Simple Continued Fractions Question (I Think My Book Has a Mistake)

[tylerc1991]

Homework Statement

Show that if the simple continued fraction expression of the rational number [itex] \alpha [/itex], [itex] \alpha > 1 [/itex], is [itex] [a_0; a_1, a_2, \dotsc, a_k] [/itex], then the simple continued fraction expression of [itex] \frac{1}{\alpha} [/itex] is [itex] [0; a_1, a_2, \dotsc, a_k] [/itex].

Homework Equations

The Attempt at a Solution

Suppose [itex] \alpha [/itex] is a rational number greater than [itex] 1 [/itex] with simple continued fraction expression
[itex] \alpha = [a_0; a_1, a_2, \dotsc, a_k] = a_0 + \cfrac{1}{a_1 + \cfrac{1}{a_2 + \cfrac{1}{\ddots a_{k - 1} + \cfrac{1}{a_k}}}}. [/itex]
Then we see that [itex] \frac{1}{\alpha} [/itex] is also a rational number with simple continued fraction expression
[itex] \frac{1}{\alpha} = \cfrac{1}{a_0 + \cfrac{1}{a_1 + \cfrac{1}{a_2 + \cfrac{1}{\ddots a_{k - 1} + \cfrac{1}{a_k}}}}} = [0; a_0, a_1, \dotsc, a_k]. [/itex]

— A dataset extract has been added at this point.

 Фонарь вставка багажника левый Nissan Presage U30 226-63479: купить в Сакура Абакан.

This is, of course, different than what the book says the solution should be. However, I don't see where I went wrong, if I did go wrong. Any help would be greatly appreciated!

 

[mighty2000]

Your solution is correct! The simple continued fraction representation of \frac{1}{\alpha} is indeed [0; a_1, a_2, \dotsc, a_k] . This can be seen by multiplying both the numerator and denominator of \frac{1}{\alpha} by a_0 + \cfrac{1}{a_1 + \cfrac{1}{a_2 + \cfrac{1}{\ddots a_{k - 1} + \cfrac{1}{a_k}}}} and simplifying. This will result in the simple continued fraction expression of \frac{1}{\alpha} being [0; a_1, a_2, \dotsc, a_k] .

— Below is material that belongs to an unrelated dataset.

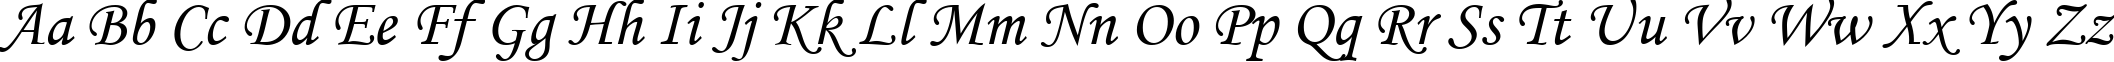 Пример написания английского алфавита шрифтом font353

You may have seen a different solution in your book because there are multiple ways to prove this statement. Some approaches use induction or properties of continued fractions, while your solution uses basic algebra. As long as your solution is logically sound and arrives at the correct answer, it is a valid solution. Keep up the good work!